Week of 28 July 2025

I started testing out Cal Newport’s Time Blocking system.

My usual disclaimer: This post is wholly researched and written by me. I do not use AI in my writing. I will always bring you my stories in my real human voice.

Time blocking and tiny experiments

This week, I started an experiment.

I love experiments!

Way back in 2016, I embarked on a series of 30-day experiments, based on Kylie Dunn’s “My Year of TED” project, in which Kylie undertook a series of 30-day challenges across a whole year and blogged about it.

Her project got turned into a book and a TED talk.

Mine fizzled out after a few months.

But I do like the idea of trying something for a short period of time, with no pressure to get it right or to keep doing it, but just to see what happens.

This is the idea behind the book Tiny Experiments by Anne Laure Le Cunff, which is not a book I’ve read (yet).
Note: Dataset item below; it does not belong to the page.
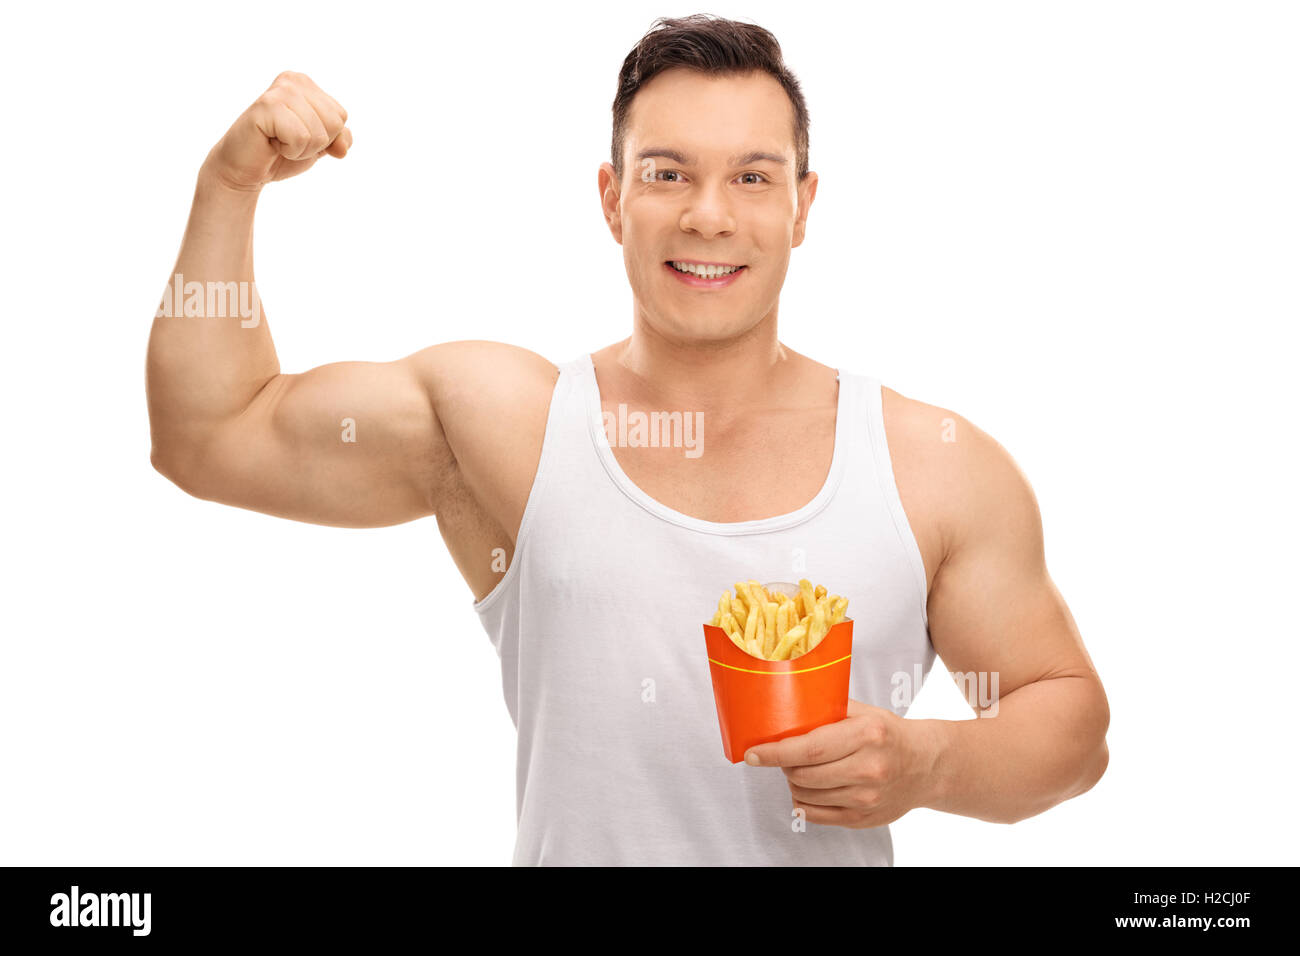 Allegro ragazzo flettendo il suo bicipite e tenendo un sacchetto di patatine fritte isolati su sfondo bianco Foto Stock

In a recent training session, the lovely Daniel from Spacemakers talked about this book and introduced me to the idea of making a ‘pact’, where the aim is to try something new for a brief period and see what you can learn from it.

It’s beautiful in its simplicity.

I will [thing] for [time].

That’s it.

So, I said last week:

I will use the Time-Block Planner to plan my work and study every day for 4 weeks.
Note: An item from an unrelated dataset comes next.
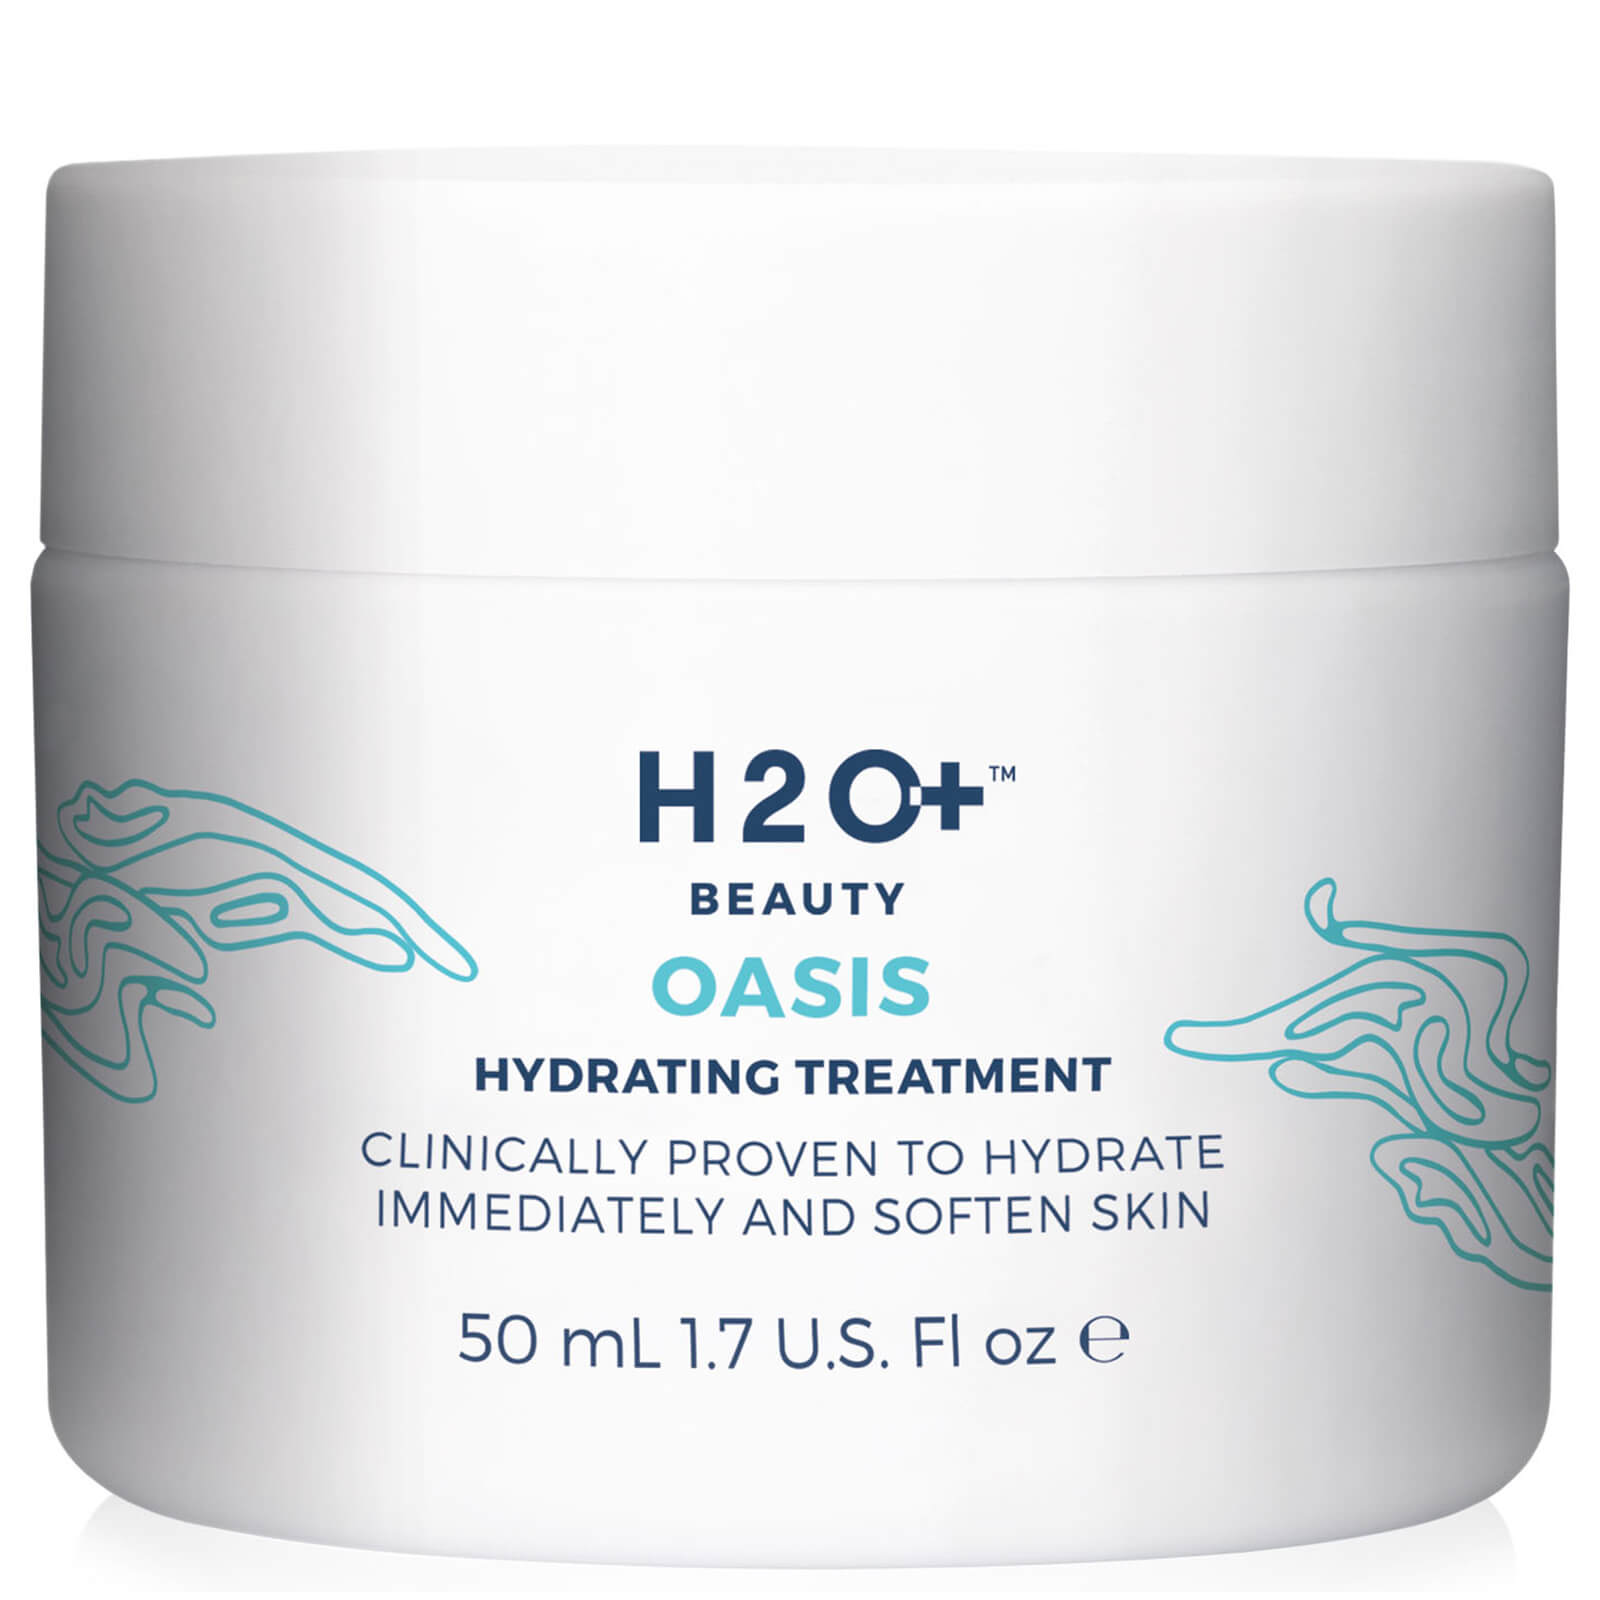 Увлажняющий крем. Крем h2o+ Beauty. Крем Hydrating Oasis Cream. Oasis Hydrating treatment. Enl Oasis крем Hydrating Oasis Cream.

So what is this Time-Block Planner?

The Time-Block Planner is the invention of productivity superstar Cal Newport, who has written several books including Slow Productivity (recommended). He invented this time blocking system  —well I mean, obviously he didn’t invent time blocking but he created this method of using it—to help himself stay on track with his daily plan (and get back on track if he falls off).

If you’re new to time blocking and have no idea what I’m talking about . . . it just means that you block out hours in your day to do work you need to get done, and you do only that work in that block of time. There are plenty of websites that explain it in more detail. Here’s a random one I found, or you could listen to this episode of the Spacemakers podcast.

The system

Cal developed his system because in real life, even if you have the best plan in place, you often get pulled away from what you had planned to do at the start of the day and it can be hard to get back on track. Or the thing you’d allocated an hour for took two hours, so you didn’t do something else that you’d planned. The idea behind this system is that you don’t worry about that. You just regroup, redraw your plan and get back to work.

He put it into a neat book, which I thought looked cool and bought many years ago. Let’s say about five years ago . . . and it has sat on my shelf since then.

The cover of a blue book with a geometric pattern and the words "THE TIME-BLOCK PLANNER". There is an orange pen resting on the book
The Time-Block Planner (old version)

He released a new, improved version in 2023, which I had the good sense not to buy so at least I didn’t have two of them on the shelf.

I’ve been trying time blocking, with limited success, for a while. I hate schedules but I need schedules to get anything done. Or rather, I like the act of scheduling, but then I just sit and watch as the time blocks fly by and I do something completely different and never do the thing I blocked out time to do.

So my experiment or, in Anne Laure Le Cunff’s language, my pact, was to use this Time-Block Planner every day to plan my work and study [thing] for four weeks [time period].

Okay, but what actually is this mystical planner?

It’s a very simple planner that includes a weekly planning page and a two-page daily spread.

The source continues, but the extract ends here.